From: Jiri Slaby <jirislaby@kernel.org>
To: Peter Zijlstra <peterz@infradead.org>, Thomas Gleixner <tglx@kernel.org>
Cc: "Matthieu Baerts" <matttbe@kernel.org>,
	"Stefan Hajnoczi" <stefanha@redhat.com>,
	"Stefano Garzarella" <sgarzare@redhat.com>,
	kvm@vger.kernel.org, virtualization@lists.linux.dev,
	Netdev <netdev@vger.kernel.org>,
	rcu@vger.kernel.org, "MPTCP Linux" <mptcp@lists.linux.dev>,
	"Linux Kernel" <linux-kernel@vger.kernel.org>,
	"Shinichiro Kawasaki" <shinichiro.kawasaki@wdc.com>,
	"Paul E. McKenney" <paulmck@kernel.org>,
	"Dave Hansen" <dave.hansen@linux.intel.com>,
	"luto@kernel.org" <luto@kernel.org>,
	"Michal Koutný" <MKoutny@suse.com>,
	"Waiman Long" <longman@redhat.com>
Subject: Re: Stalls when starting a VSOCK listening socket: soft lockups, RCU stalls, timeout
Date: Thu, 5 Mar 2026 13:20:38 +0100	[thread overview]
Message-ID: <ba067933-bf3b-476d-a0bb-53eda56996ca@kernel.org> (raw)
In-Reply-To: <a2b573b4-af61-4b84-a7d1-012ed6bb23c9@kernel.org>

On 05. 03. 26, 12:53, Jiri Slaby wrote:
> On 05. 03. 26, 8:00, Jiri Slaby wrote:
>> On 02. 03. 26, 12:46, Peter Zijlstra wrote:
>>> On Mon, Mar 02, 2026 at 06:28:38AM +0100, Jiri Slaby wrote:
>>>
>>>> The state of the lock:
>>>>
>>>> crash> struct rq.__lock -x ffff8d1a6fd35dc0
>>>>    __lock = {
>>>>      raw_lock = {
>>>>        {
>>>>          val = {
>>>>            counter = 0x40003
>>>>          },
>>>>          {
>>>>            locked = 0x3,
>>>>            pending = 0x0
>>>>          },
>>>>          {
>>>>            locked_pending = 0x3,
>>>>            tail = 0x4
>>>>          }
>>>>        }
>>>>      }
>>>>    },
>>>>
>>>
>>>
>>> That had me remember the below patch that never quite made it.

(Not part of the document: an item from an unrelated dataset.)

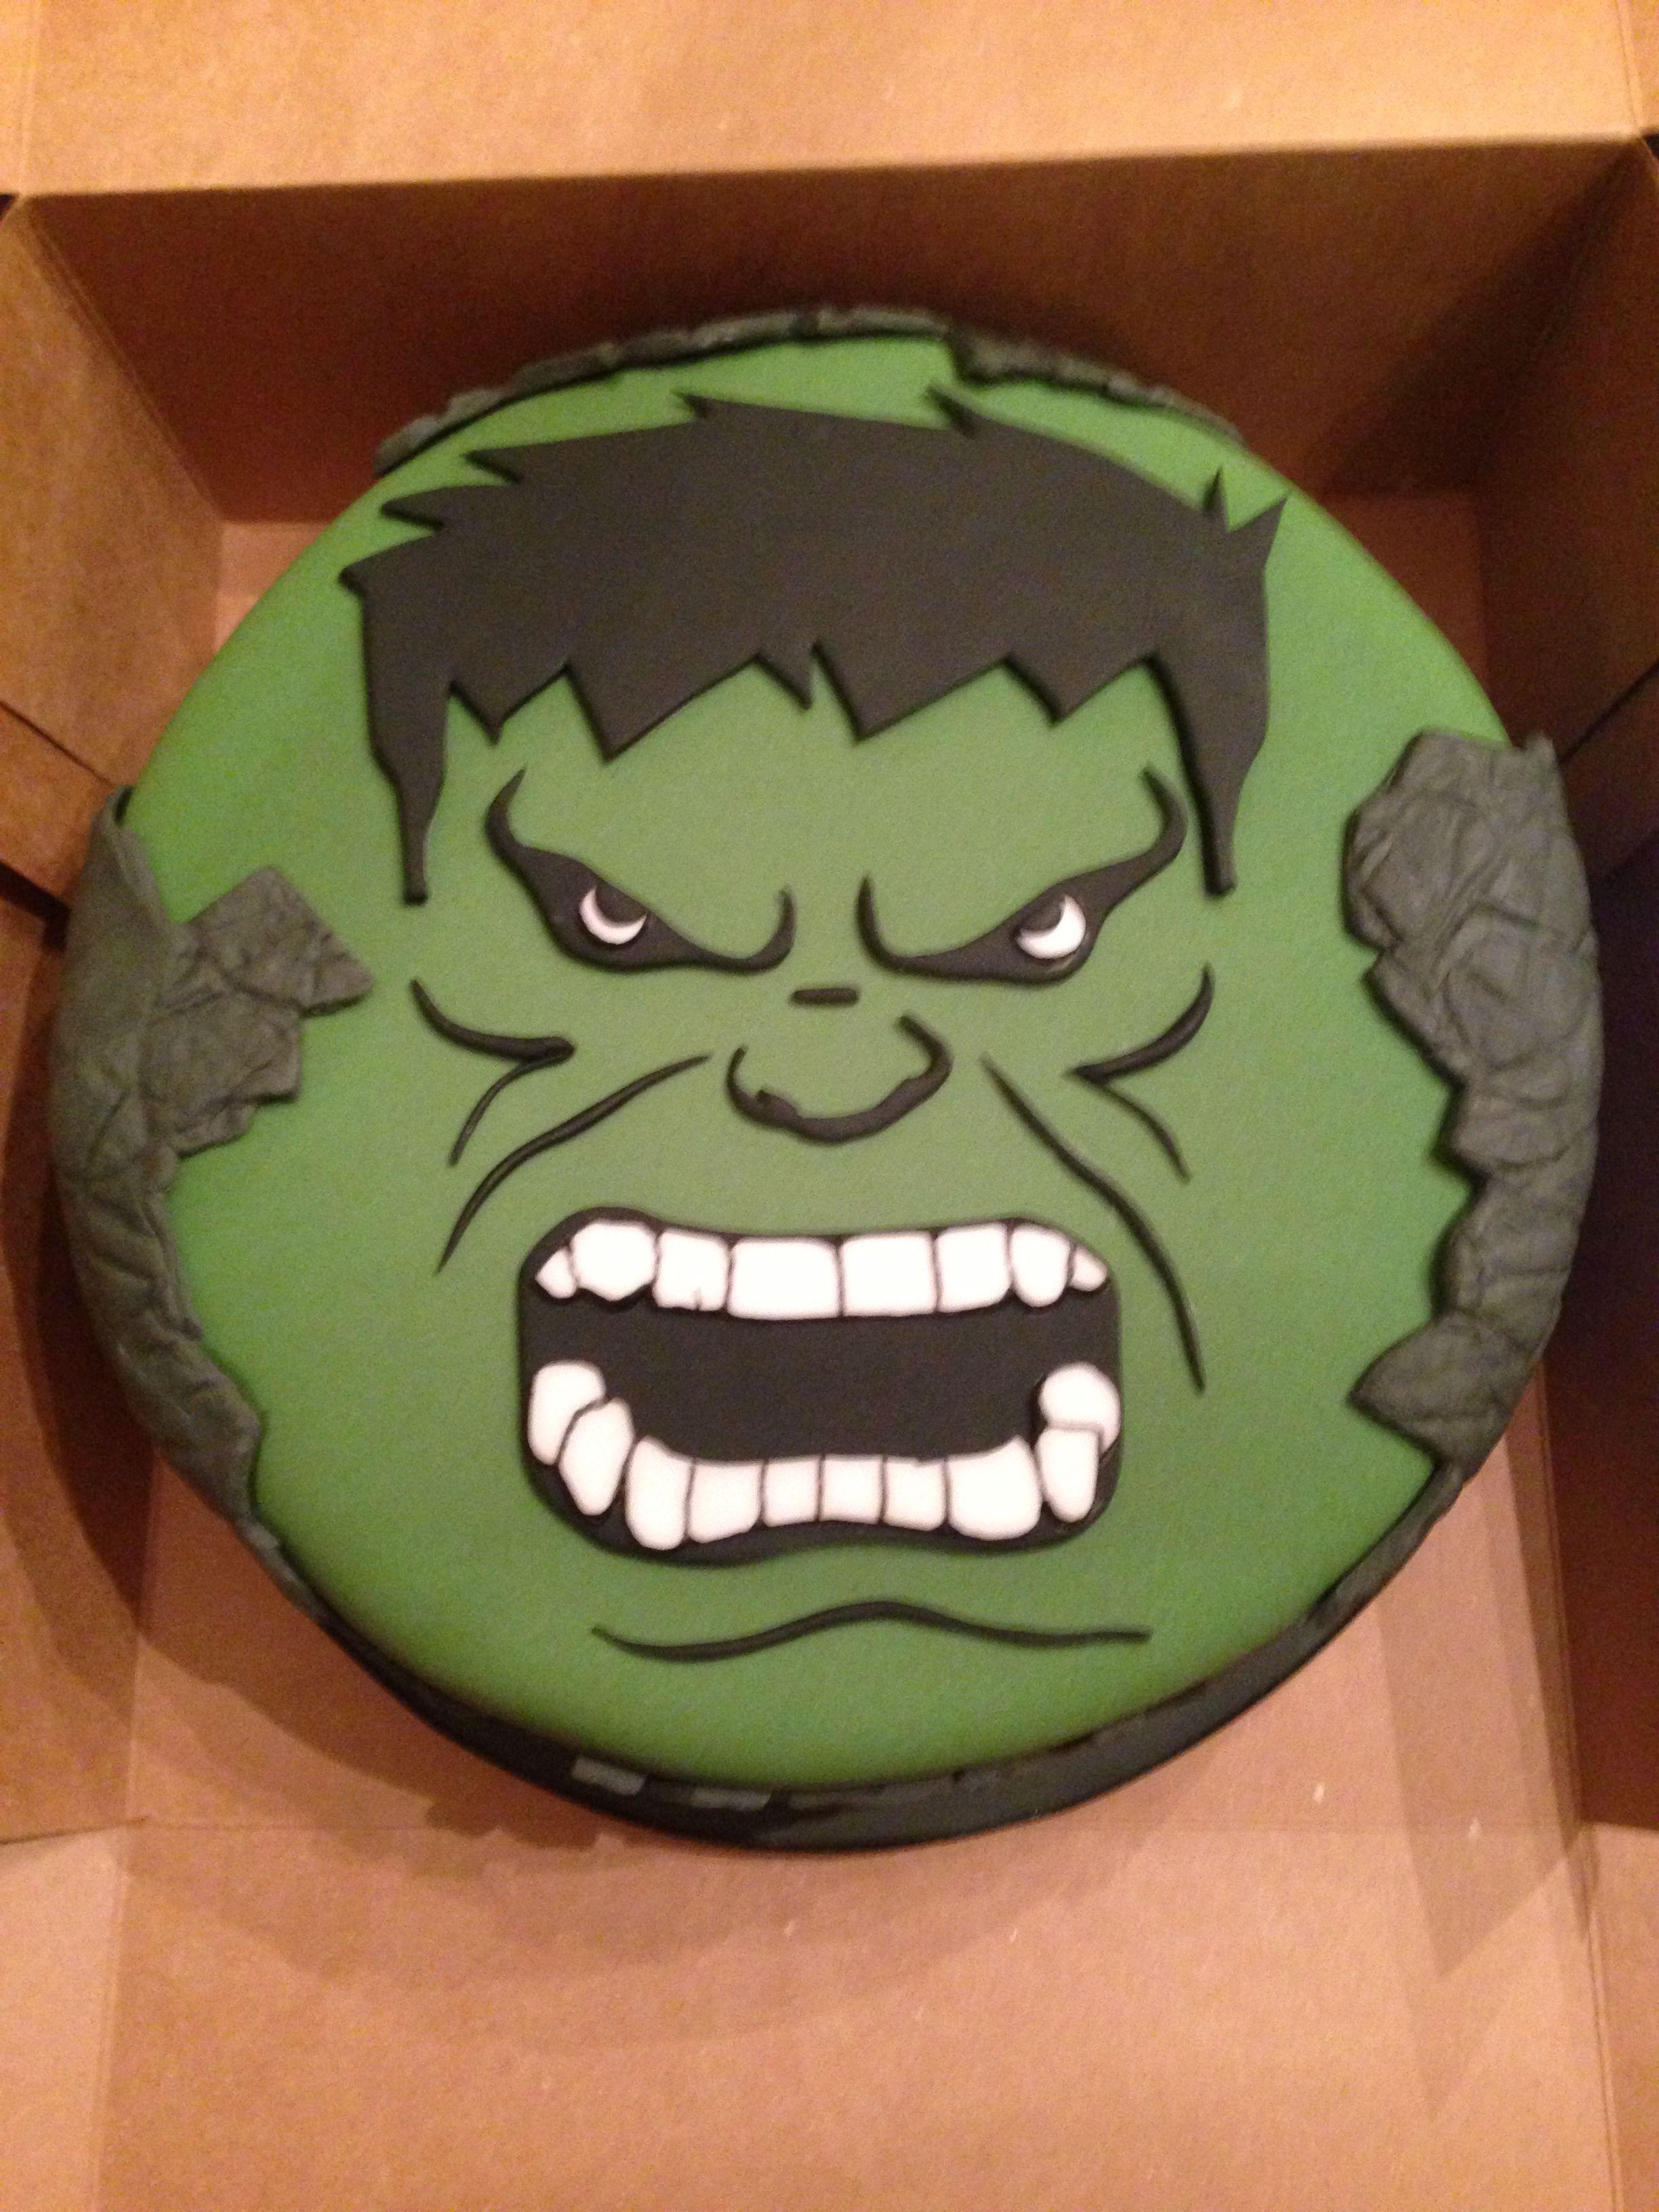 Incredible Hulk Cake I made my cake design Pinterest

I've
>>> rebased it to something more recent so it applies.
>>>
>>> If you stick that in, we might get a clue as to who is owning that lock.
>>> Provided it all wants to reproduce well enough.
>>
>> Thanks, I applied it, but to date it is still not accepted yet:
>> https://build.opensuse.org/requests/1335893
> 
> OK, I have a first dump with the patch applied:
>    __lock = {
>      raw_lock = {
>        {
>          val = {
>            counter = 0x2c0003
>          },
>          {
>            locked = 0x3,
>            pending = 0x0
>          },
>          {
>            locked_pending = 0x3,
>            tail = 0x2c
>          }
>        }
>      }
>    },
> 
> I am not sure if it is of any help?
> 
> 
> 
> 
> BUT: I have another dump with LOCKDEP (but NOT the patch above). The 
> kernel is again spinning in mm_get_cid(), presumably waiting for a free 
> bit in the map as before [1]:
> 
> 
> [  162.660584] rcu: INFO: rcu_preempt detected stalls on CPUs/tasks:
> ...
> [  162.661378] Sending NMI from CPU 3 to CPUs 1:
> [  162.661398] NMI backtrace for cpu 1
> ...
> [  162.661411] RIP: 0010:mm_get_cid+0x54/0xc0
> 
> 
> 7680 is active on CPU 1:
> PID: 7680     TASK: ffff8cc4038525c0  CPU: 1    COMMAND: "asm"
> 
> 
> CPU3 is waiting for the CPU1's rq_lock:
> RDX: 0000000000000000  RSI: 0000000000000003  RDI: ffff8cc72fcb8500
> ...
>   #3 [ffffd2e9c0083da0] raw_spin_rq_lock_nested+0x20 at ffffffff9339e700
> 
> crash> struct rq.__lock -x ffff8cc72fcb8500
>    __lock = {
>      raw_lock = {
>        {
>          val = {
>            counter = 0x100003
>          },
>          {
>            locked = 0x3,
>            pending = 0x0
>          },
>          {
>            locked_pending = 0x3,
>            tail = 0x10
>          }
>        }
>      },
>      magic = 0xdead4ead,
>      owner_cpu = 0x1,
>      owner = 0xffff8cc4038b8000,
>      dep_map = {
>        key = 0xffffffff96245970 <__key.7>,
>        class_cache = {0xffffffff9644b488 <lock_classes+10600>, 0x0},
>        name = 0xffffffff94ba3ab3 "&rq->__lock",
>        wait_type_outer = 0x0,
>        wait_type_inner = 0x2,
>        lock_type = 0x0
>      }
>    },
> 
> owner_cpu is 1, owner is:
> PID: 7508     TASK: ffff8cc4038b8000  CPU: 1    COMMAND: "compile"
> 
> But as you can see above, CPU1 is occupied with a different task:
> crash> bt -sxc 1
> PID: 7680     TASK: ffff8cc4038525c0  CPU: 1    COMMAND: "asm"
> 
> spinning in mm_get_cid() as I wrote. See the objdump of mm_get_cid below.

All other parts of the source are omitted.